Two Gentlemen of Verona - An Adventure in !Xhosa
It was a privilege to escort our African friends to 'The Swan' theatre, Stratford for TGoV. It was going to be a really exciting event for all of us - but especially for Nomvuzo who taught Shakespeare at the Senior Secondary School in Port St John's on the Wild Coast, but had never
seen a performance - anywhere.To say that our party stood out from the crowd is an understatement to say the least. Not only were our guests African, but Nomvuzo and Lindelwa
wore tribal dress. (I could have worn mine too, but it wasn't my night.)

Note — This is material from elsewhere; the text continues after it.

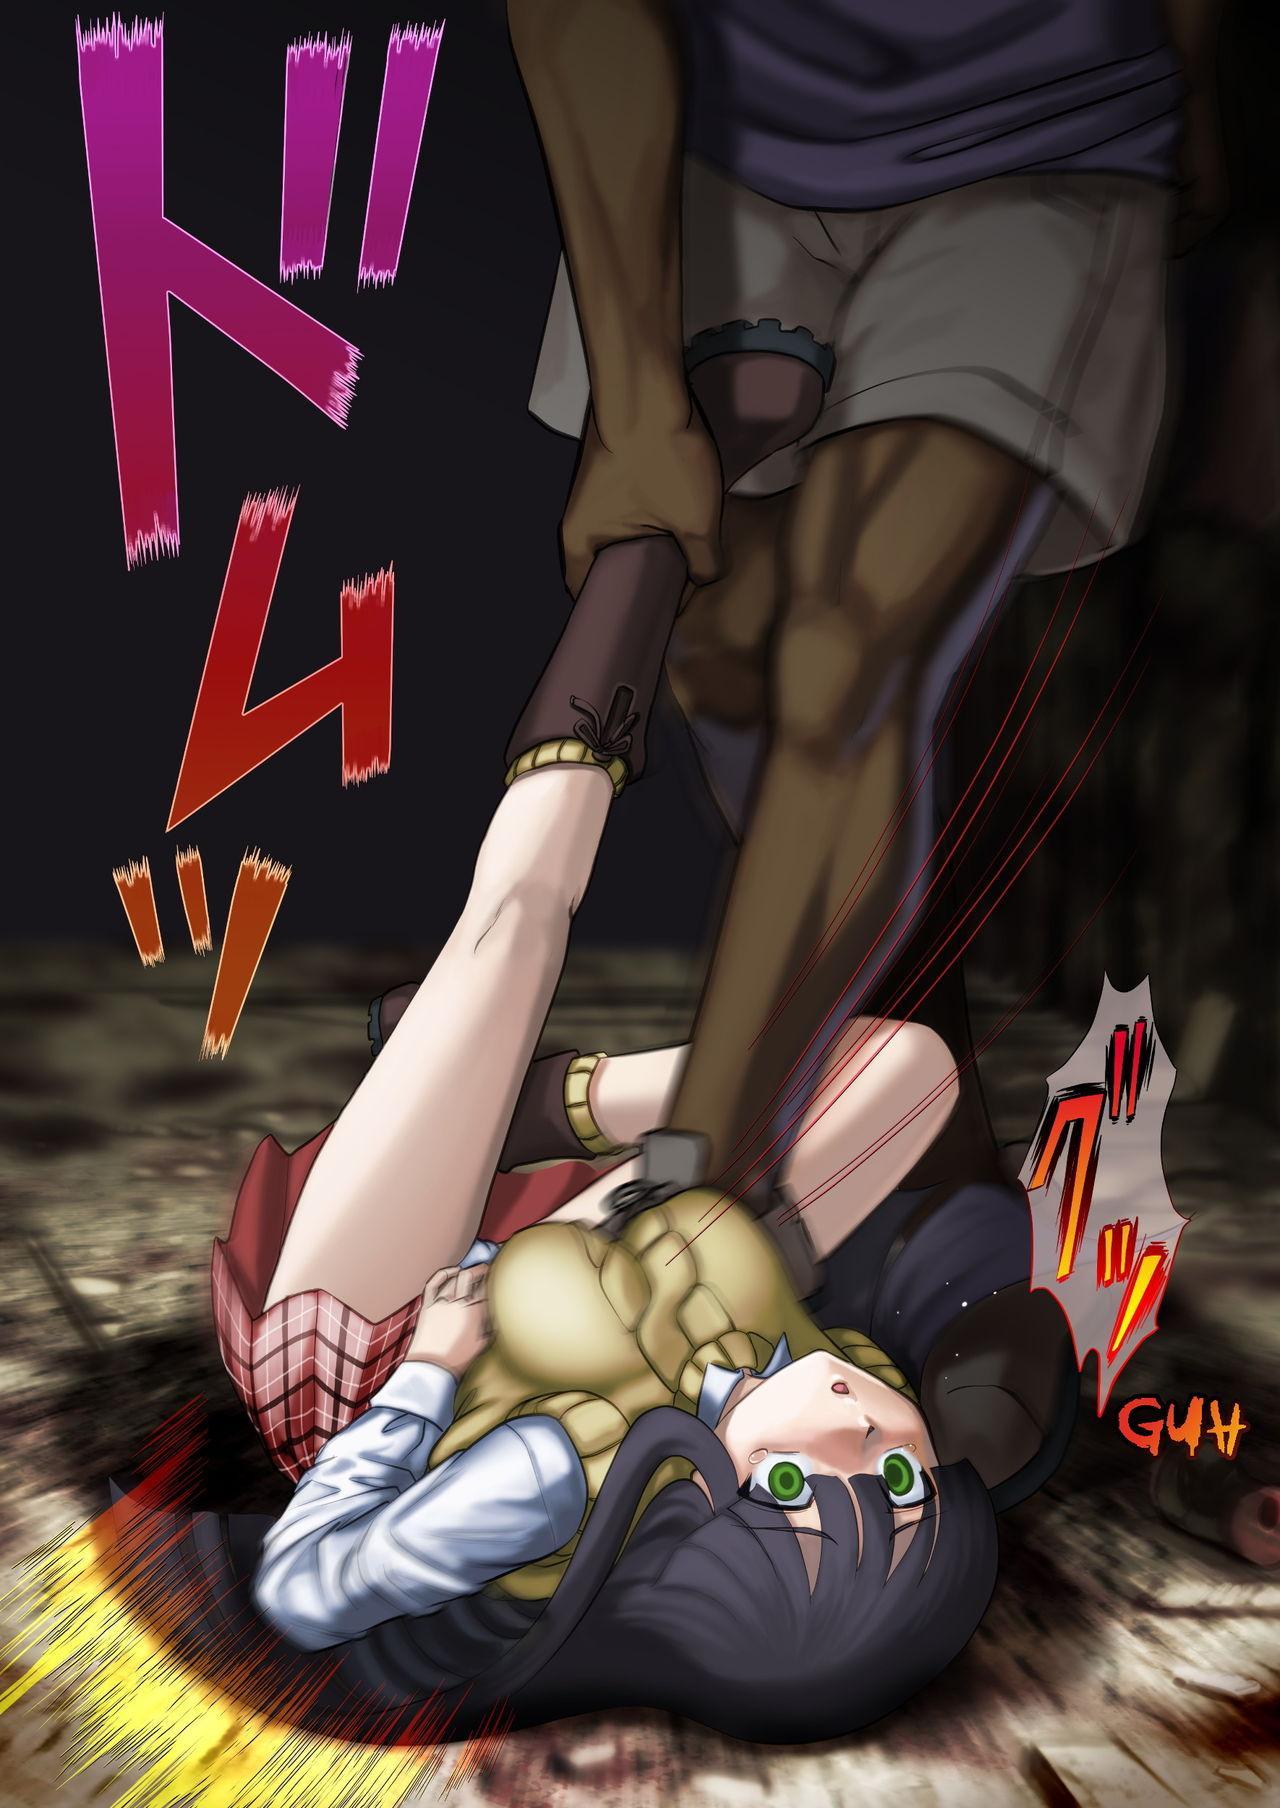 (C74) [Youkai Ankake (Pickles)] Tobenai Tori 3 ~Kagonotori~   Flightless Bird 3 ~Caged Bird~ (Gad Guard) [English] [Eroneruneko] [Decensored] 6

The adventure began in the theatre lobby. Coats deposited by theatre-goers were hanging on a rack and Landilesa had an idea they might be for sale. He went and asked an attendant behind the desk, who obviously misheard the question and replied, 'Yes'; Just picture it, a black man
going through the furs and high quality woollens (in search of price tags as it happens). We English are so polite. No one said a word, but the horror on the faces of some of those present was really quite funny. I nudged Nomvuzo who was closest to me and whispered to her,
urgently. I now know what !Xhosa for, 'If you don't stop doing that you'll get arrested.' sounds like.

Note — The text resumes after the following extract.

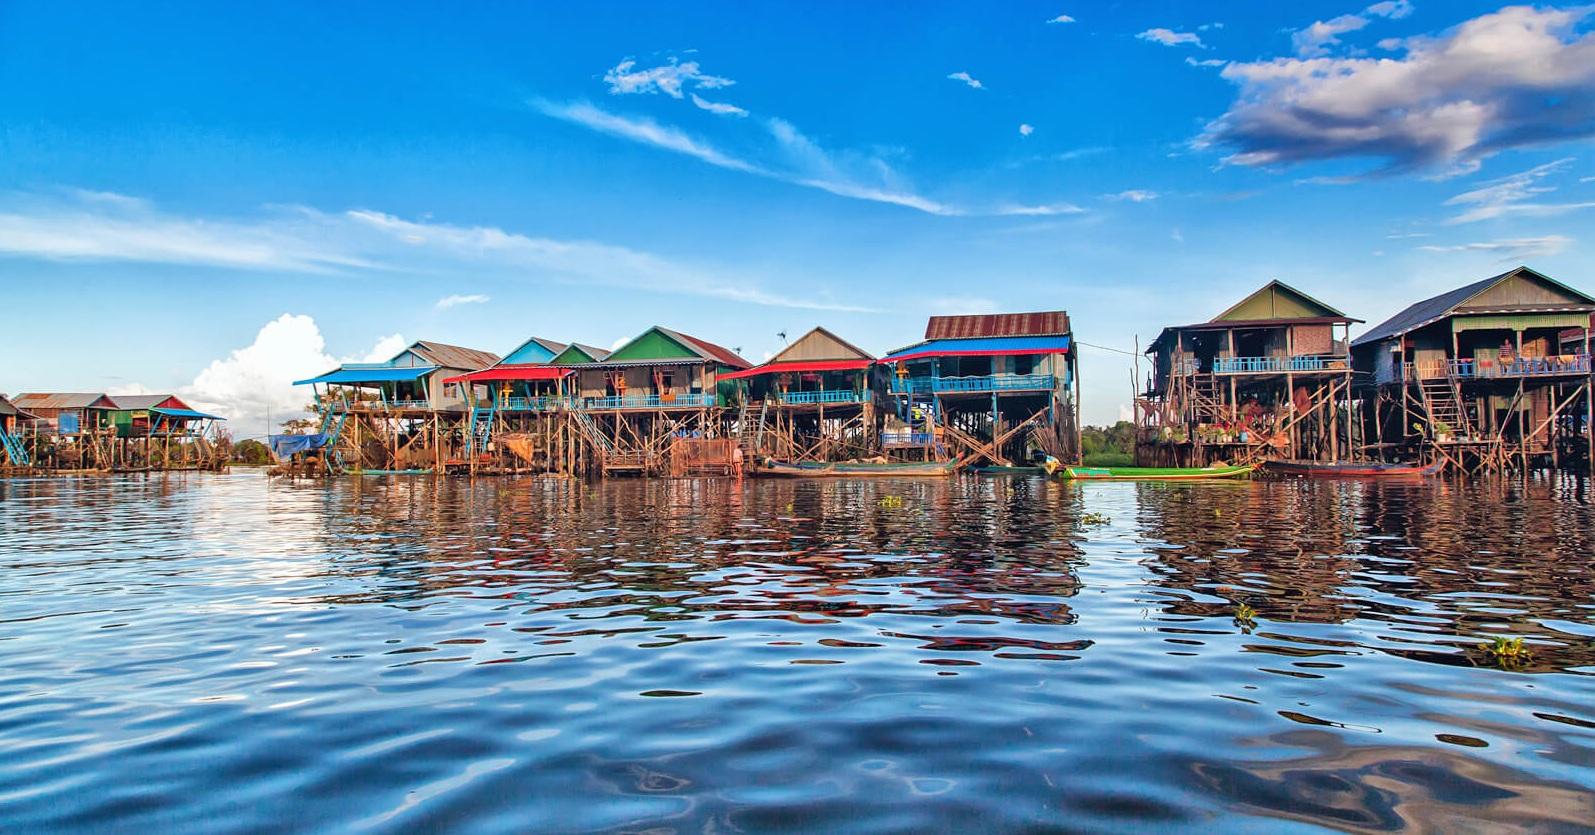 de-cambodge-au-vietnam-en-29-jours-1

Can you imagine what it would be like to be experiencing live theatre -and the RSC at that -for the very first time? Our friends were utterly spellbound. They hung over the balcony and watched entranced. Audible cries of 'Yo, yo, yo ...' could be heard as the plot warmed up.
The audience were delighted ( I feared the opposite...) and it was soon evident that the actors were playing to one particular part of the gallery.
And What's This About Talkeetna
I defy anyone to find a weirder festival anywhere in the world than the Talkeetna Moose Dropping Festival. It's true. I have the tee-shirt. I believe I may even have a preserved moose-dropping somewhere too.
Alaskans used to make a living in two ways - fur-trapping in the winter and gold-panning in the summer. I suspect they still do. The town has a wonderful Museum in the Little Red School-house. You can wander in, buy the Moose-dropping Festival tee-shirt in a range of colours and inspect the fur- trapping and gold-panning paraphenalia of bygone days. Then for a couple of dollars more you can buy a map of the town with the preserved frontier cabins circled for you.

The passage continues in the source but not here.